UK review by Chris Coulter
It’s inevitable that you will have to share some confidential information with potential buyers during the course of a sale process. Anyone thinking about buying your business will want to do at least some level of diligence before transferring a large sum to your bank account. The following are some easy tips you can follow to protect against misuse or theft of your company’s confidential information when letting potential buyers take a look:
- Make sure a good Non-Disclosure Agreement (NDA) is in place with each potential buyer before you begin discussions with them (and especially before giving them access to thousands of confidential documents in a data room). (For example, see our Cooley GO Docs Mutual NDA (UK and US) and Unilateral NDA (UK and US) generators.)
- A good NDA will cover lots of stuff: some topics that are often covered in an NDA between a potential buyer and seller include who has access to information, what information is protected, with whom information may be shared, what happens if you want your information back, what happens if the recipient is legally required to disclose your information, what happens if a party (or their representatives) breach the NDA, what representations you are making about the information (none), what effect the NDA has on any agreement between the parties, considerations about the process and other legal language to protect you. For more information on NDAs generally, please see this article
- Protect your people. Particularly if a potential buyer is a competitor, be smart about who on your team you’re making available for the buyer, at what stage, and consider adding non-solicitation provisions to your NDA.
- These days, most due diligence is conducted through online virtual data rooms where the target company will post thousands of documents that contain confidential information. This is your private information, so pick a data room that is secure and limits access to appropriate parties.

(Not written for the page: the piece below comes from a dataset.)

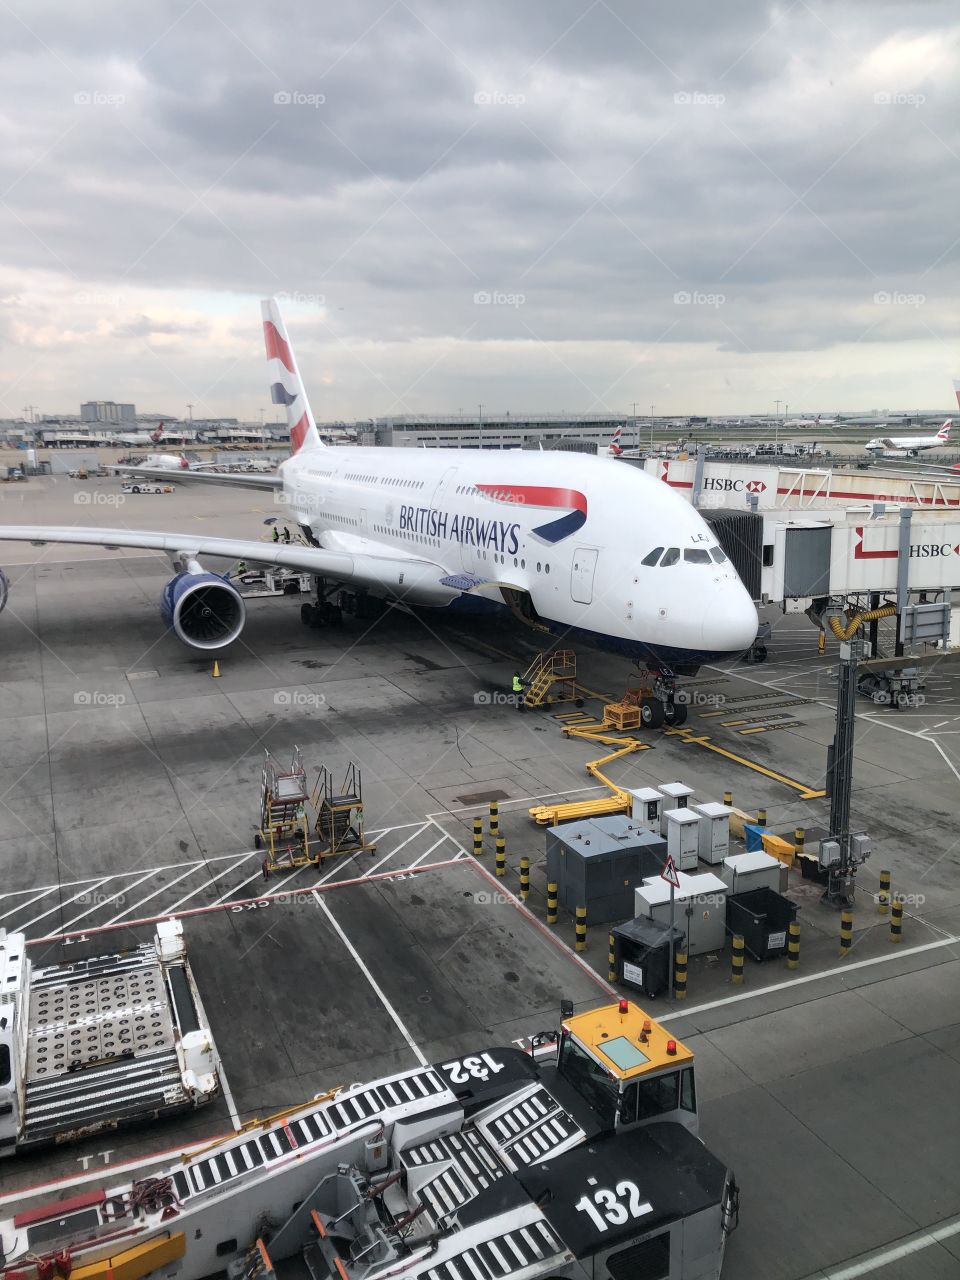 British Airways airplane at London Heathrow Airport

- Do not post everything to a data room. While you are sure to receive a 20 page diligence request list from a potential buyer or your investment banker, keep in mind that not everything should be posted. For example, if you have a trade secret or government classified information, do not post this. And remember that it is possible to breach a contract just by disclosing its existence. If the information is crucial, there are other even more secure means available to share.

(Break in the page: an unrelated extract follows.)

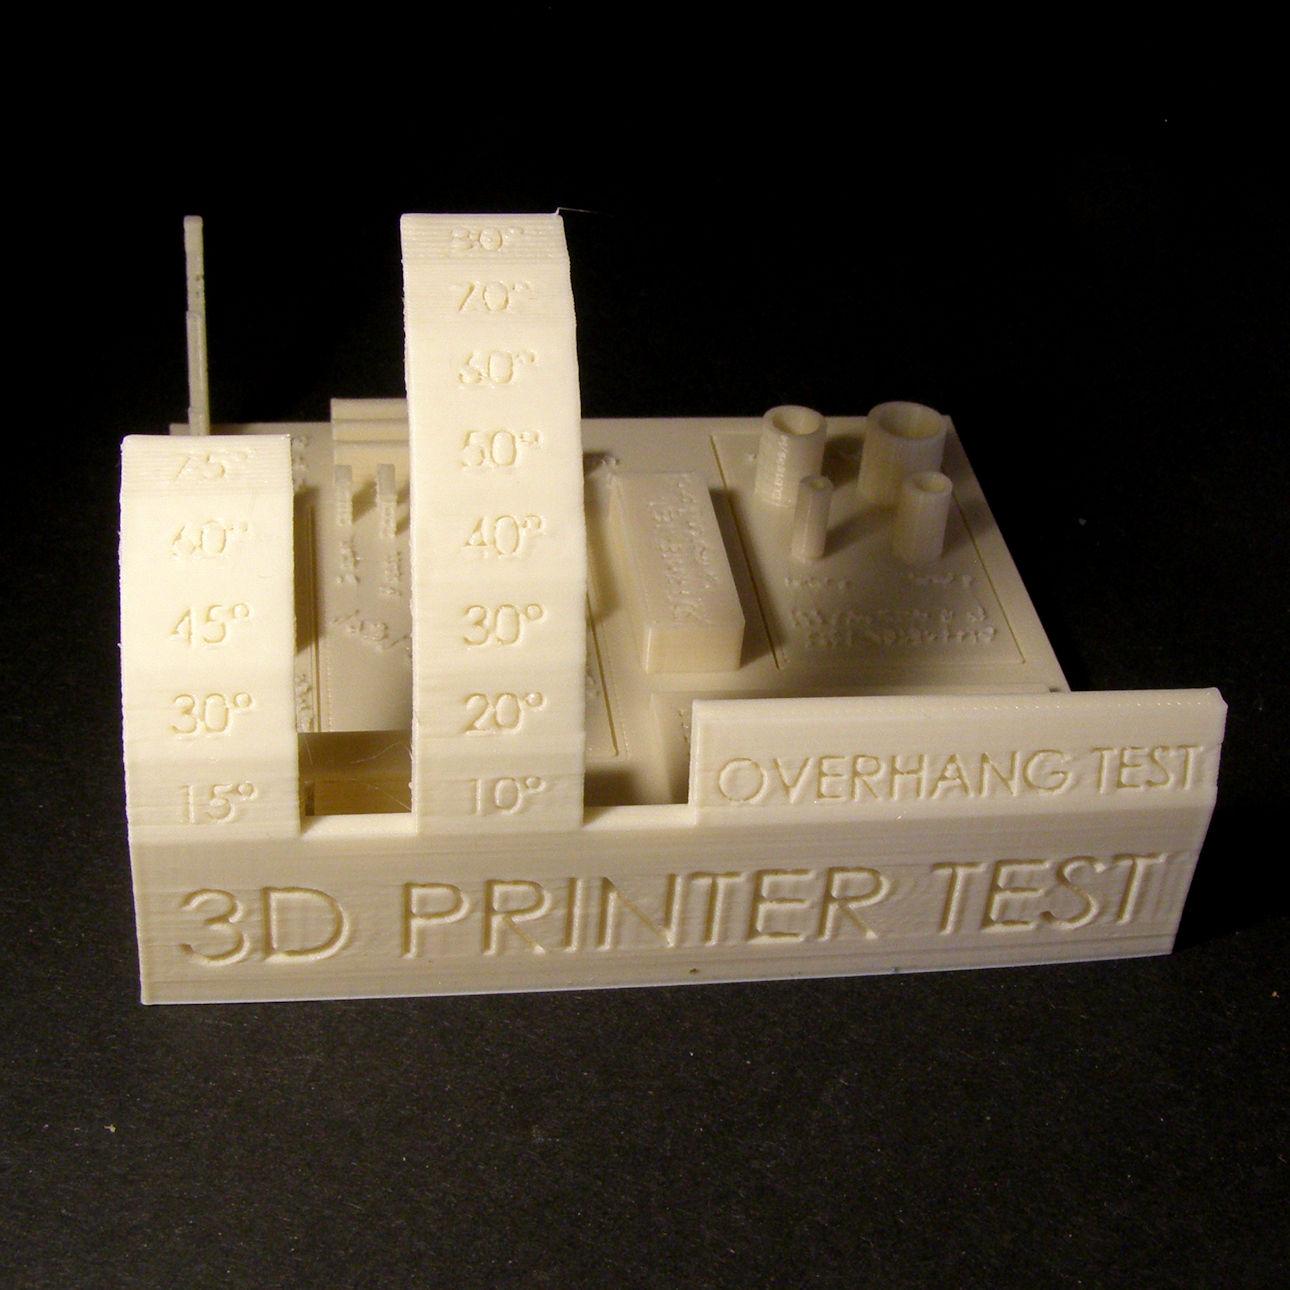 3D Printable All One printer test by Marián

- Use internal resources, investment bankers or your lawyers to review information before it is posted to a data room. This can help prevent sharing something that is highly secretive by accident as well as uncover any issues that your team may need to deal with or address with potential buyers. If you are sharing information with strategic buyers who are competitors, you will need to carefully consider what information is disclosed to avoid raising any anti-competition issues.
- Redact highly sensitive information. It should be acceptable to redact customer names to some extent. Also, while you may need to post all of your board meeting minutes, redacting discussions about other buyers and the sales process should be acceptable.
- Consider timing and access to information. Many data rooms can limit access to certain information to specified parties or you can selectively grant access to certain folders. If you are running an “auction” process (meaning, talking to multiple potential buyers) consider waiting to disclose your more sensitive information to a smaller group of potential buyers later in the process or only giving strategic buyers who are competitors access to a subset of the information.
- Take advantage of other restrictions that the data room may offer such as not allowing files to be downloaded or printed or marking all printed pages with a “Confidential” watermark.
- Be careful with e-mail. Unless you are password protecting or encrypting files, almost anything you send by e-mail can easily be forwarded to other parties.